Data shown —
=-=-=-=-=

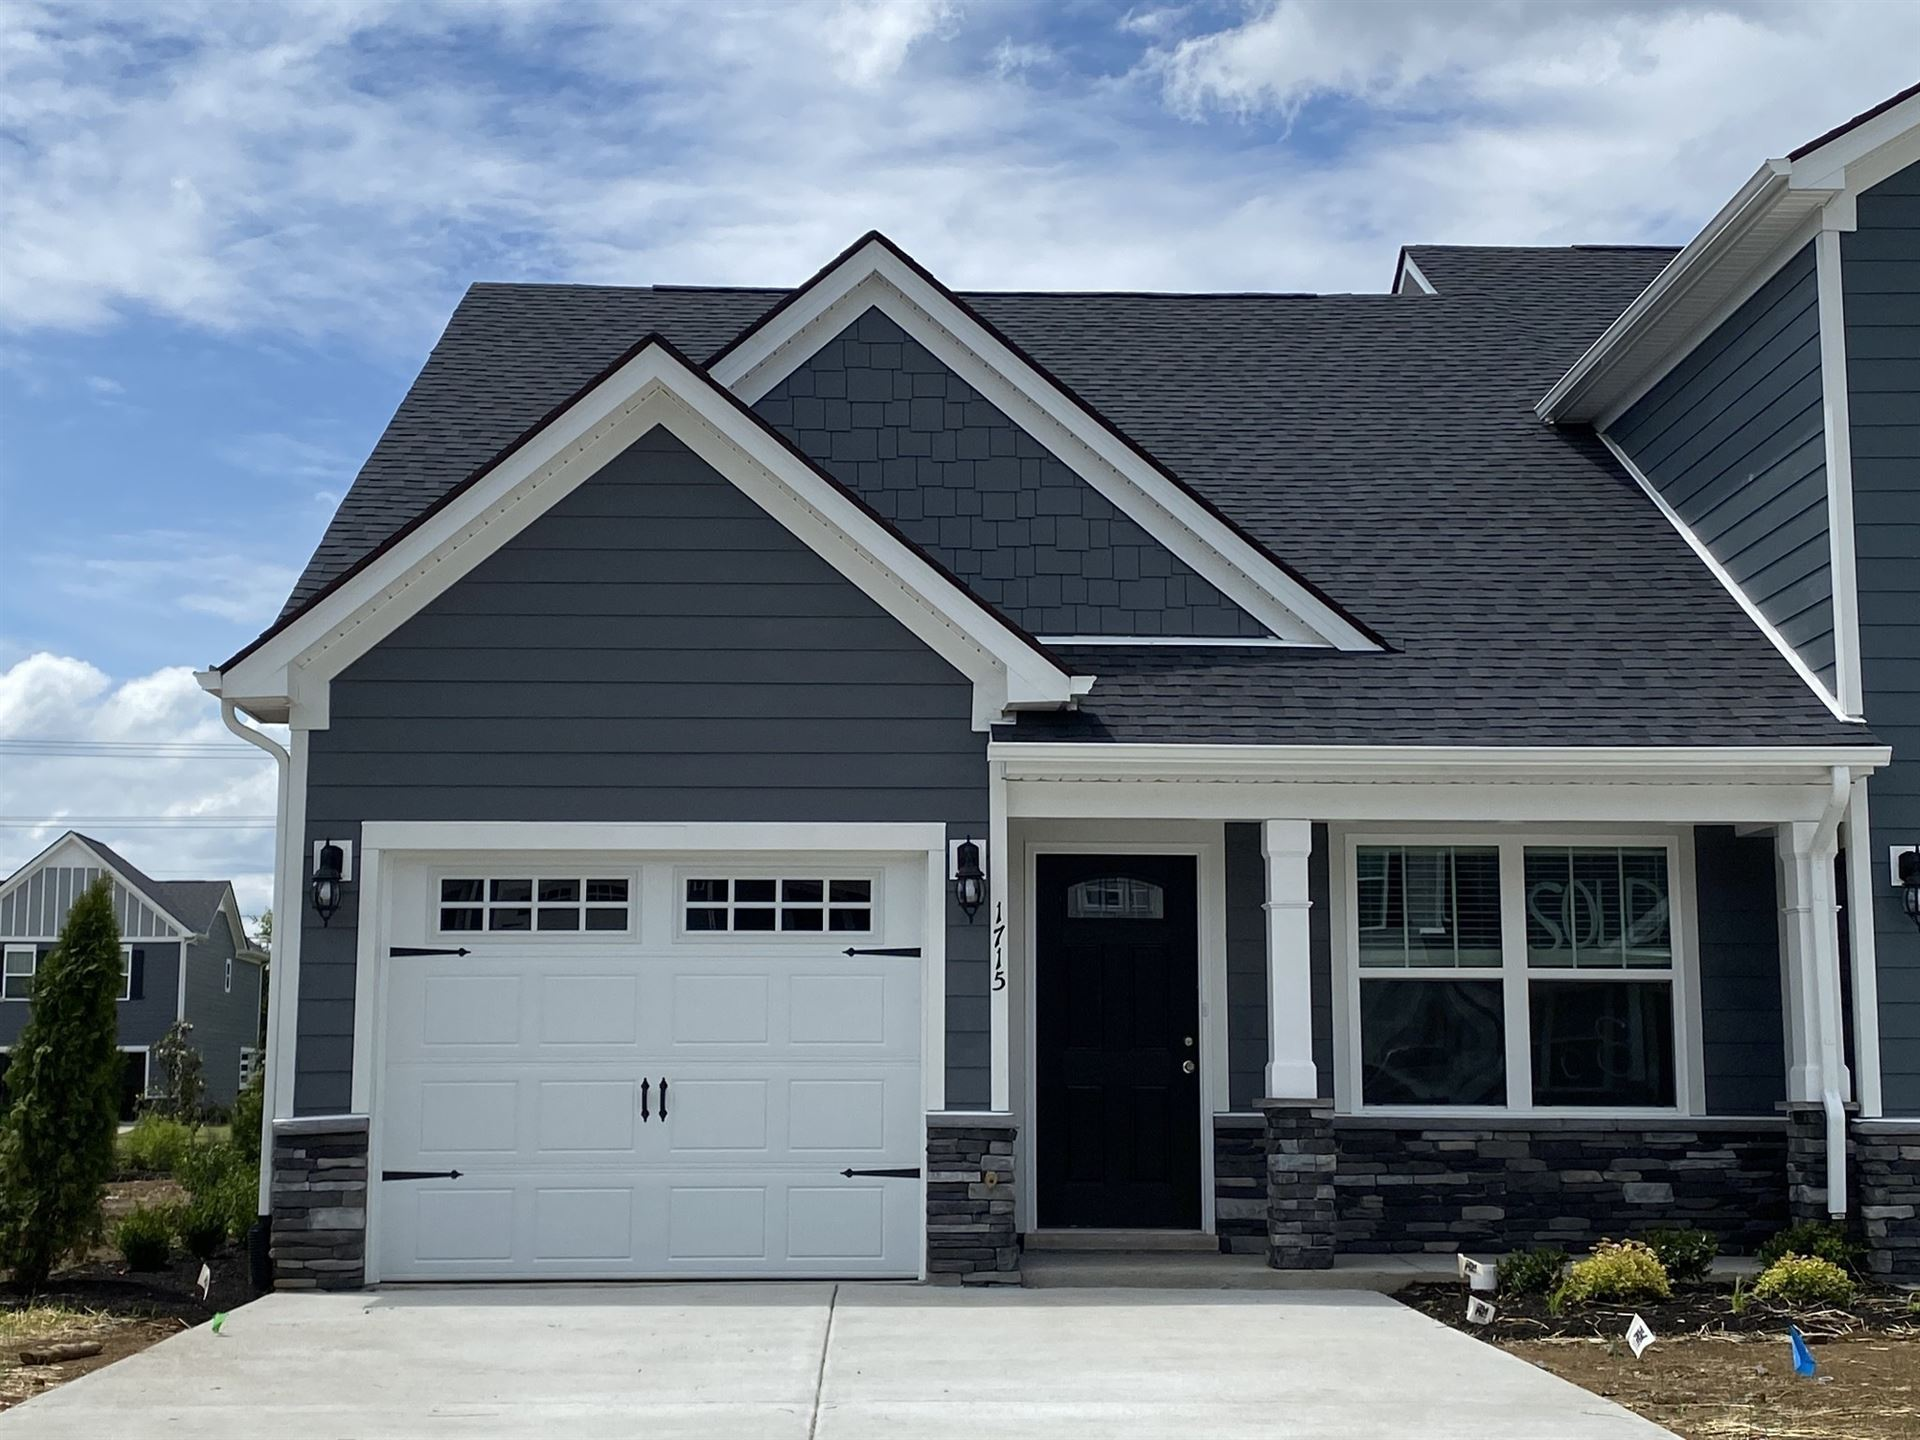 1639 Calypso Drive Lot 58 #58, Murfreesboro, TN 37128 - MLS#: 2206789
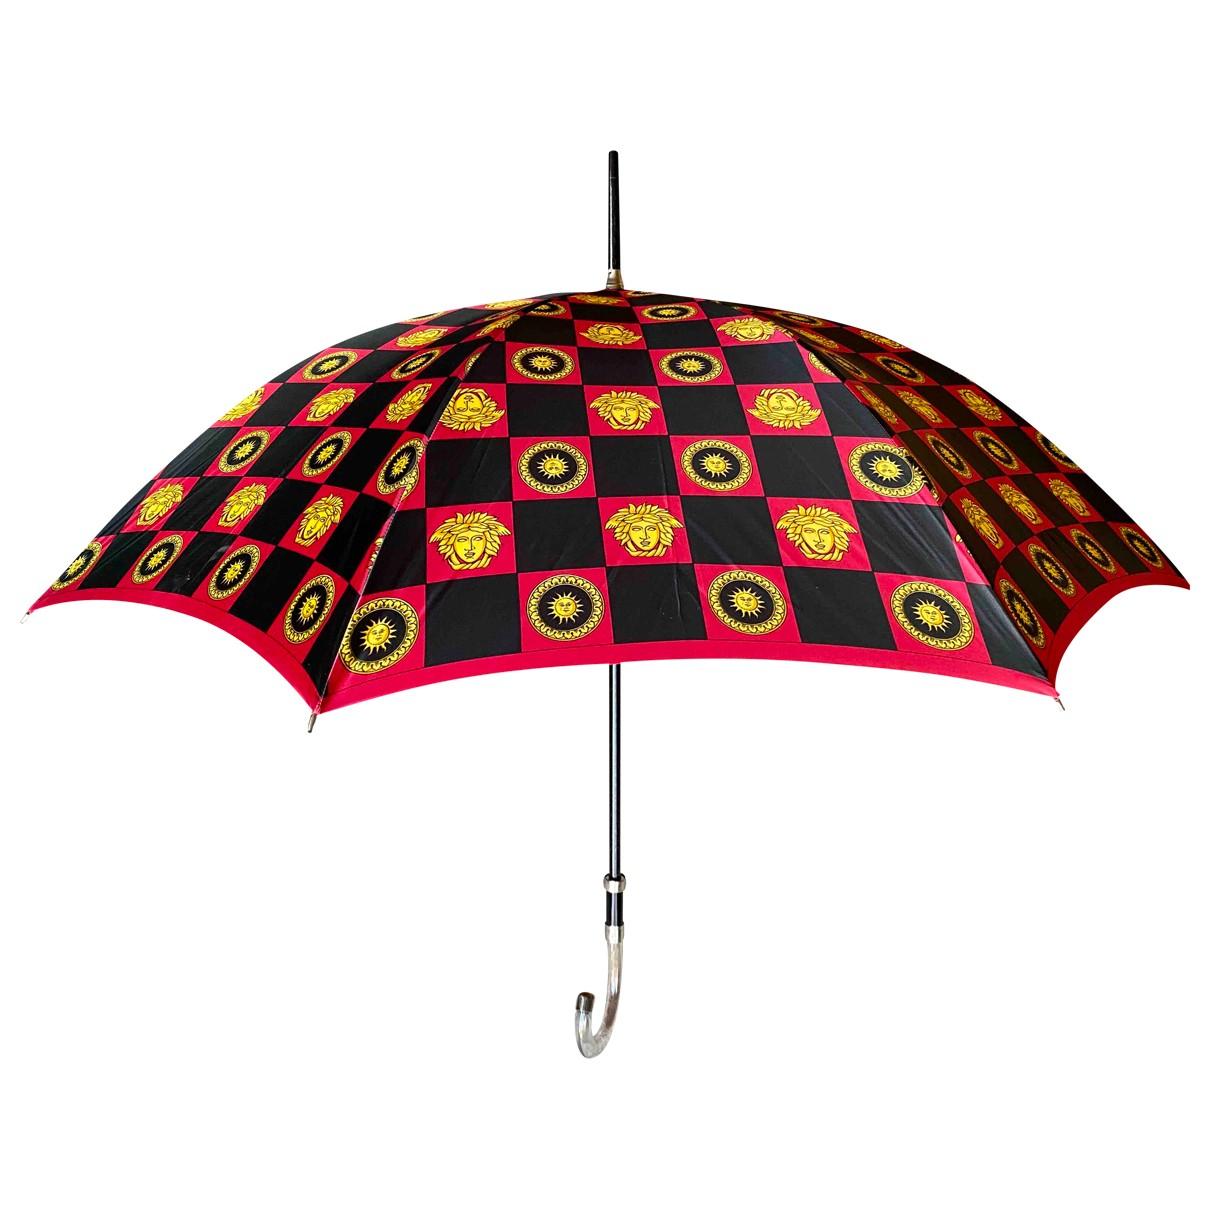 Paraguas Gianni Versace
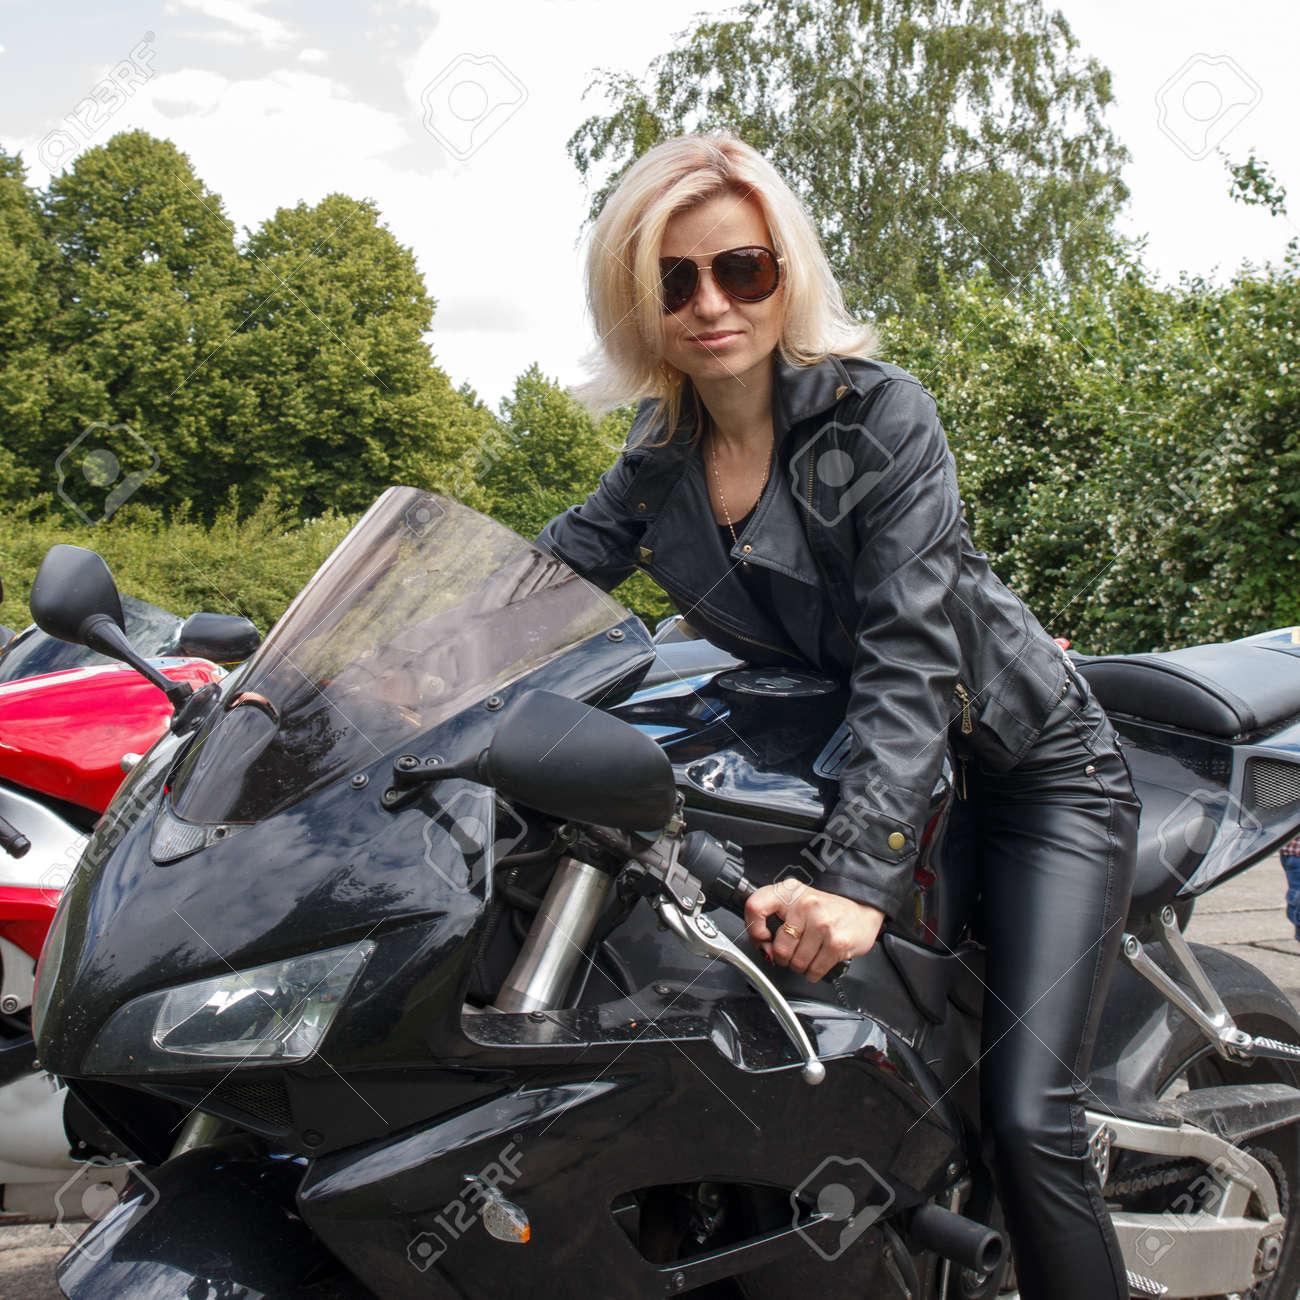 V-Twins - Biker Clothes - Dren Female version Special Price

=-=-=-=-=

Task —
Down to the final line, restate the material above word for word, but omit its pictures.

Answer box —
 1639 Calypso Drive Lot 58 #58, Murfreesboro, TN 37128 - MLS#: 2206789
 Paraguas Gianni Versace
 V-Twins - Biker Clothes - Dren Female version Special Price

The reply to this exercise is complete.